There wasn't a vagina attached to the end of their line or anything, just your average stuff, but the sex-toy clung on hard and put up a fight before being reeled out of the water.

"It's the greatest thing I've ever caught," dad-of-two Adam said. "When I pulled it out of the water I just went: 'Oh my God'.

"Usually you get a bit of a tug on the line and it's just a fish, a branch or some debris. This was something else. I couldn't believe it."

The foot-long catch was a little meatier than what you can buy in Subway, and certainly wasn't shy when it comes to girth.

Credit: Mercury Press/Caters

Leisure centre boss Adam, despite seeing the funny side of his catch, decided he'd dispose of the toy in some nearby bushes rather than take it home to his fiancée.

"George tried to hang it up on a fence but a woman came out and told us she didn't want it near her garden," he said. "I asked if it was hers but she said I was cheeky and told me to bugger off. We were in stitches.

"We got a few dodgy looks along the canal path from people probably wondering what two blokes were doing with a toy like that.

"I actually chucked it back in the net to keep it out of sight a couple of times. I didn't know what to do with it.

"It's in a bush somewhere now. I could hardly bring it home. I wouldn't want to have to explain it really."

It would have been a monumental story to explain to his missus - but I reckon 'I caught it while fishing' wouldn't have cut the mustard.

Credit: Mercury Press/Caters

I'm sure that the majority of people are rather intrigued as to how the dildo originally ended up in the canal, but, sadly, we'll never know. At this point it's plausible to assume that Aqua Man got slightly too intimate with Princess Ariel, but upon the realisation that sex toys are futile when it comes to mermaids, threw it in a fit of rage.

One thing is for sure is that it's not this girl's little friend, because that got lost elsewhere.

Unfortunately Emma Phillips pressed down on her stomach to find that her toy was right up there, still buzzing away.

She and her boyfriend had somehow managed to get the vibrator stuck up her arse.
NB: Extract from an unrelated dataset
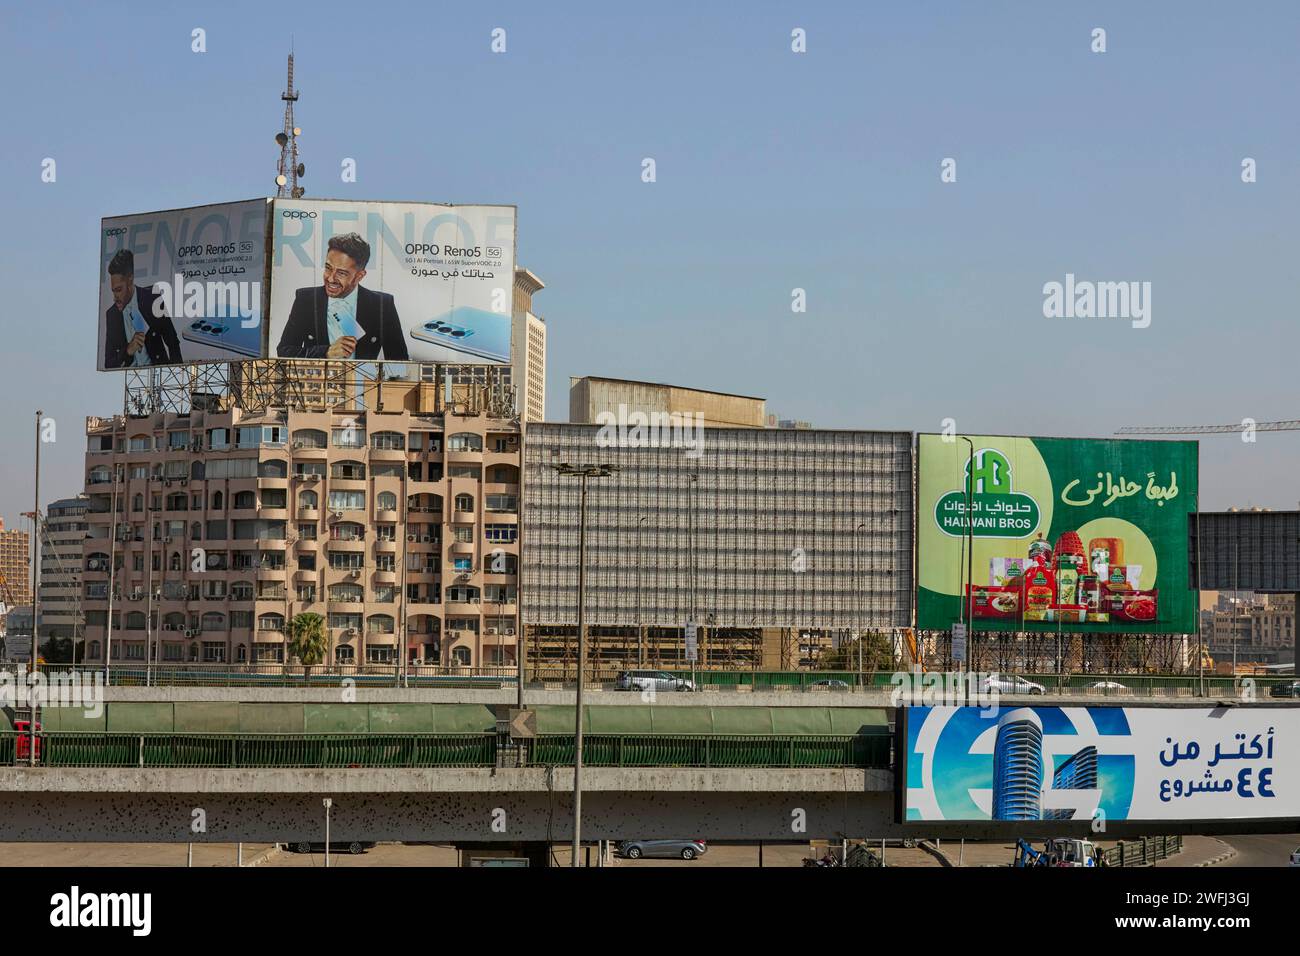 Bâtiments de la rue El Galaa, le Caire, Égypte Banque D'Images

Credit: Mercury Press/Caters

"He tried a kitchen fork handle [to get it out], which we won't be using again, and said he could feel it at one point but that it was too far up - it was a goner," Emma said. "He tried barbecue prongs too but after a certain point - after an hour of trying - we knew we're going to have to go to hospital. We were both a bit shocked."
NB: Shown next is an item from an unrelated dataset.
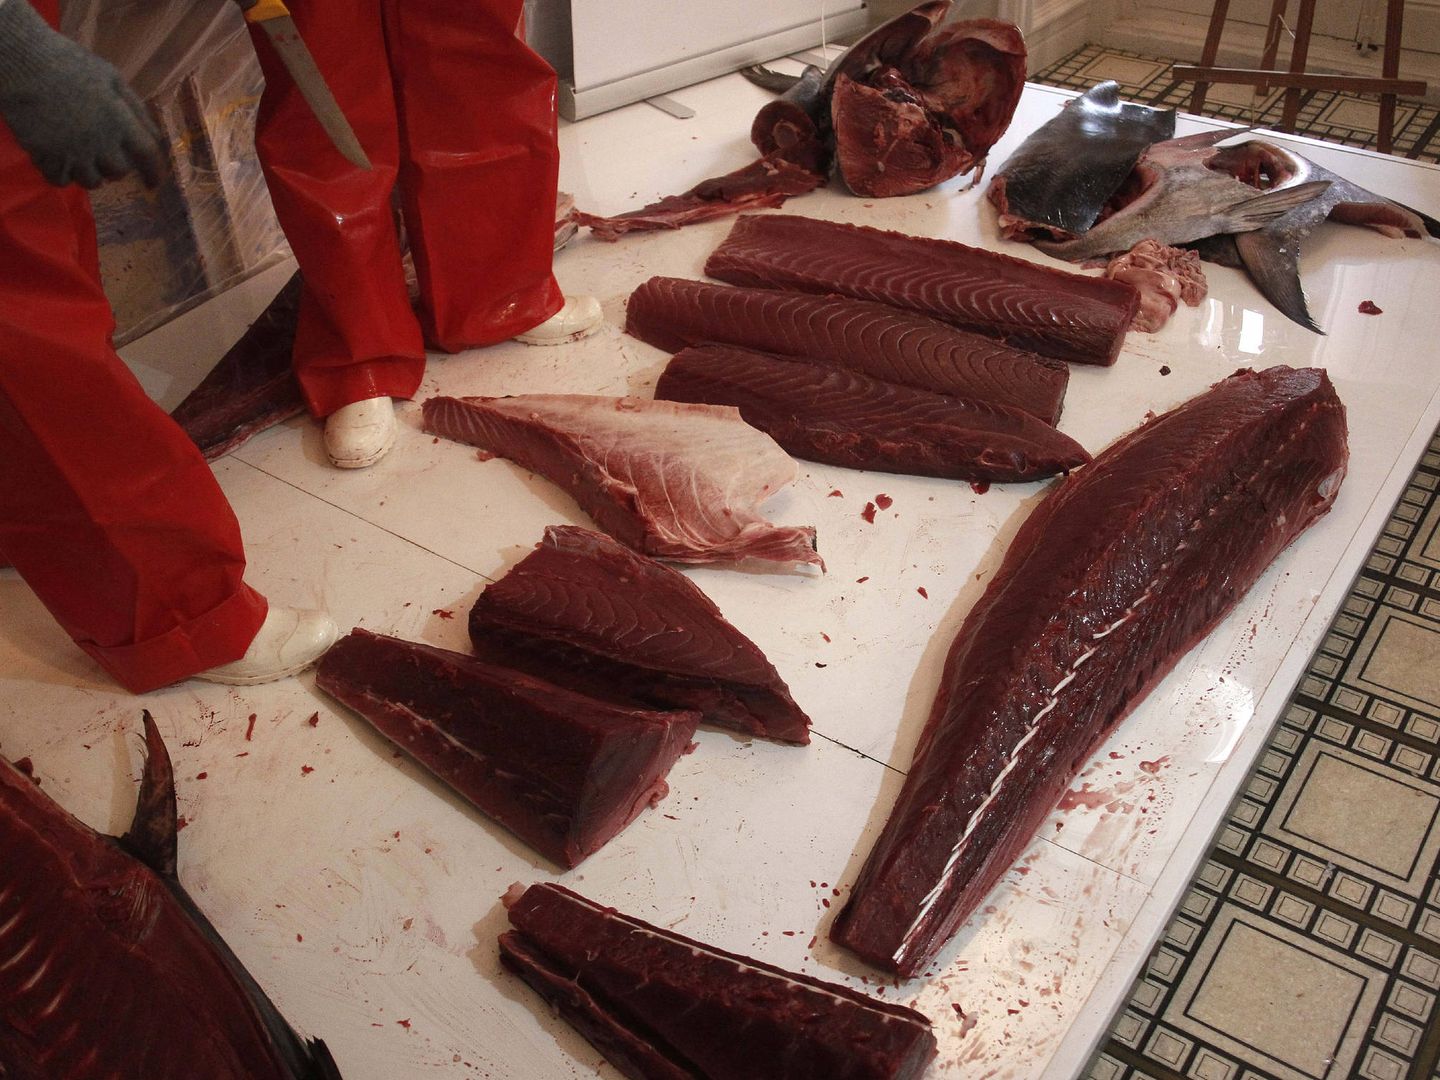 Despiece o ronqueo de un ejemplar de atún rojo en Barbate (Cádiz). (EFE)

She had to be rushed to hospital to have the pink pleasure tool manually extracted.

It seems that nowadays dildos are a lot more prevalent than ever before. So much so that people often mistake everyday objects for them.

Take Shelby from New Orleans, for example. She took one look at what her mother had got her for Christmas, after emphatically unwrapping it, and let out a whelp, because she first thought it was a dildo.

It turns out, though, after some explanation, it was a cup holder.

However, at the age 18, Shelby had other things on her mind and was mortified that her mother even considered buying her a sex toy.

"When I opened the gift, I opened it upside down," she told Elite Daily. "That was unfortunate. I stared at it for a really long time trying to process the gift as ANYTHING other than a dildo, but there was nothing else I could think of. I sat there wide-eyed for a really long time; my family was actually worried."

Shelby's mum insists she didn't do it on purpose, and genuinely tried to find a respectable cup holder. Her grandma, on the other hand, said it can be used for "business in the morning, fun at night."

You can get them pretty much anywhere these days, to be fair.

Poundland now not only sells bags of sweets that you haven't eaten since 2001, but sex toys for those both stuck for money and hellbent on a bit of Thursday night muffin buffin'.

The range was even reviewed on Channel 4's raunchfest Sex Box by sexologist Goedele Liekens, who spoke positively of the £1 dildo in particular, saying it was, "no different to something that you would pay about a hundred pounds for."

A Poundland spokesperson said: "The item is merchandised on the top shelf, out of the reach of children, within the health and beauty section."

What a world we live in, where we can buy sex toys for only £1.